Thread: assigning enviroment to string

  1. #1
    Registered User
    Join Date
    Apr 2008

    assigning enviroment to string

    hi, i have a problem assignment a enviroment value to a string. heres what i did:

    char* env 
    strcpy(env, getenv(env); //fails
    env = getenv(env); //fails
    doesnt getenv returns a string?

  2. #2
    Officially An Architect brewbuck's Avatar
    Join Date
    Mar 2007
    Portland, OR
    What do you mean by "fails?" The line:

    env = getenv(env);
    while poor form by reusing a variable name, does not really have anything wrong with it, presuming env is a char *.

  3. #3
    Registered User
    Join Date
    Apr 2008
    well, i keep getting segmentation fault

  4. #4
    Join Date
    Oct 2007
    Inside my computer
    How do you propose to copy the string returned by getenv into a non-allocated buffer?
    Learn how to use pointers first.
    Quote Originally Posted by Adak View Post
    io.h certainly IS included in some modern compilers. It is no longer part of the standard for C, but it is nevertheless, included in the very latest Pelles C versions.
    Quote Originally Posted by Salem View Post
    You mean it's included as a crutch to help ancient programmers limp along without them having to relearn too much.

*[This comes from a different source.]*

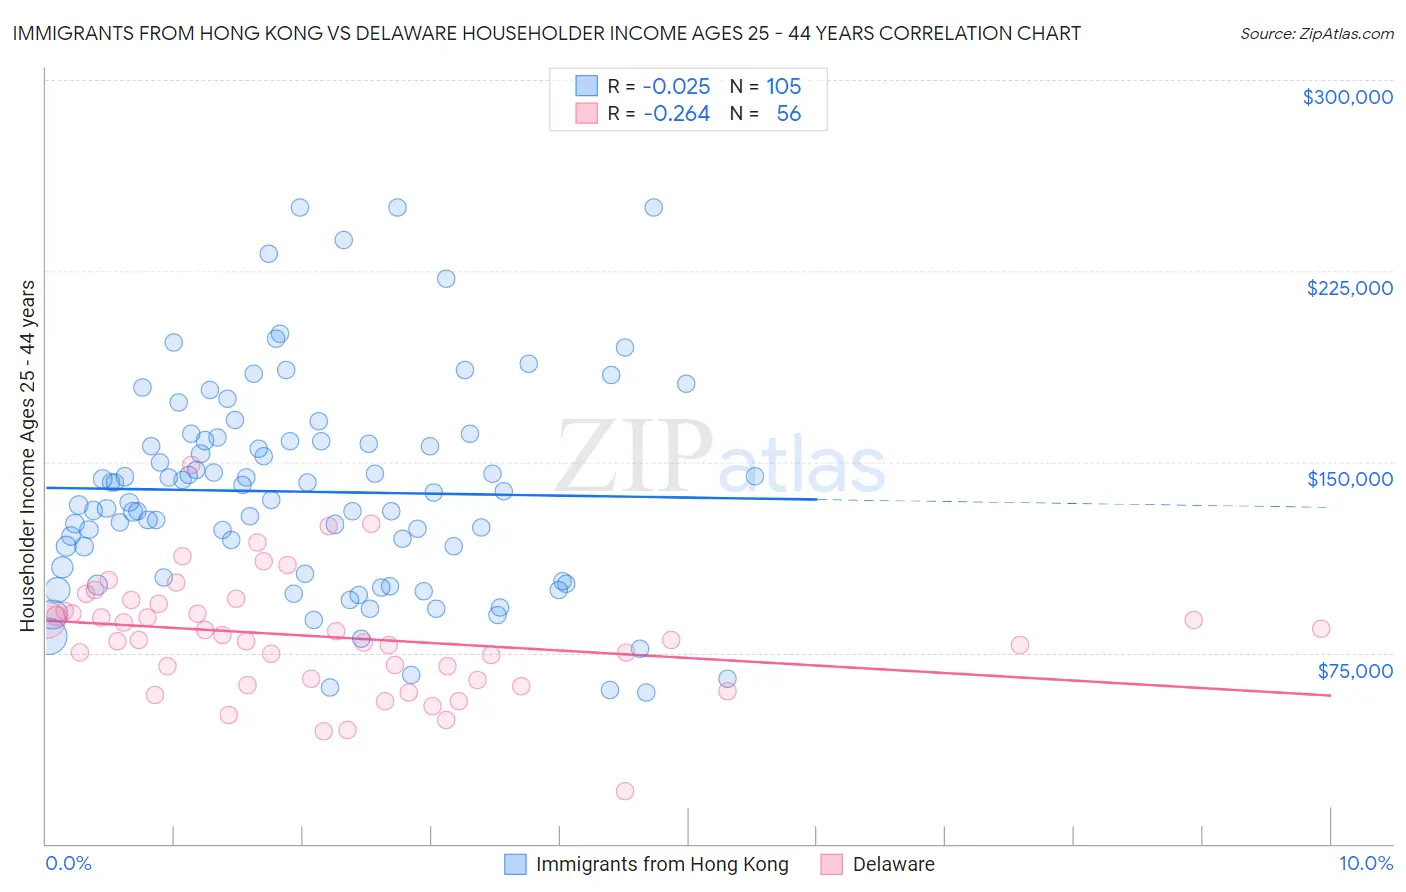 Immigrants from Hong Kong vs Delaware Householder Income Ages 25 - 44 years
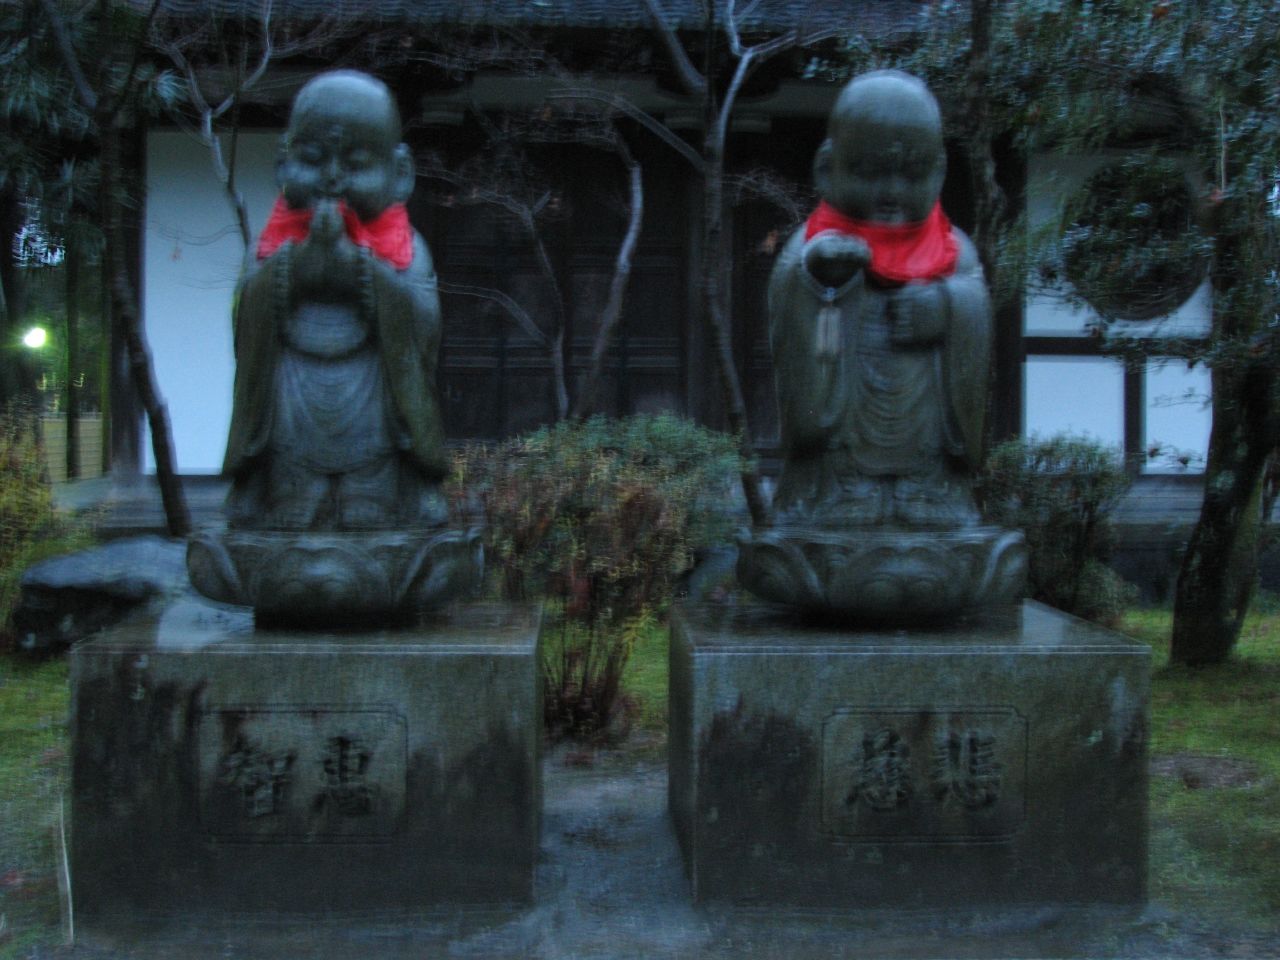 two small statues sitting on top of a bench

    Outside of your DOS world, your header file is meaningless.

  5. #5
    Cogito Ergo Sum
    Join Date
    Mar 2007
    Sydney, Australia
    malloc first.
    Everytime you segfault, you murder some part of the world

  6. #6
    Kernel hacker
    Join Date
    Jul 2007
    Farncombe, Surrey, England
    This should work:
    char *env;
    env = getenv("path");   // or "PATH"
    This should also work:
    char env[10000]; // Make sure it's plenty big enough. 
    char *p;
    p = getenv("path");
    if (p == NULL) p = "empty";
    strcpy(env, p);
    If "path" (or "PATH" in windows) doesn't exist, it will return NULL, so you need to check for that.

    Note that passing in an uninitialized string will obviously not find anything useful, and can lead to a crash if the string pointer is not a valid memory address (or the content doesn't contain a zero before it reaches "end of memory").


    Compilers can produce warnings - make the compiler programmers happy: Use them!
    Please don't PM me for help - and no, I don't do help over instant messengers.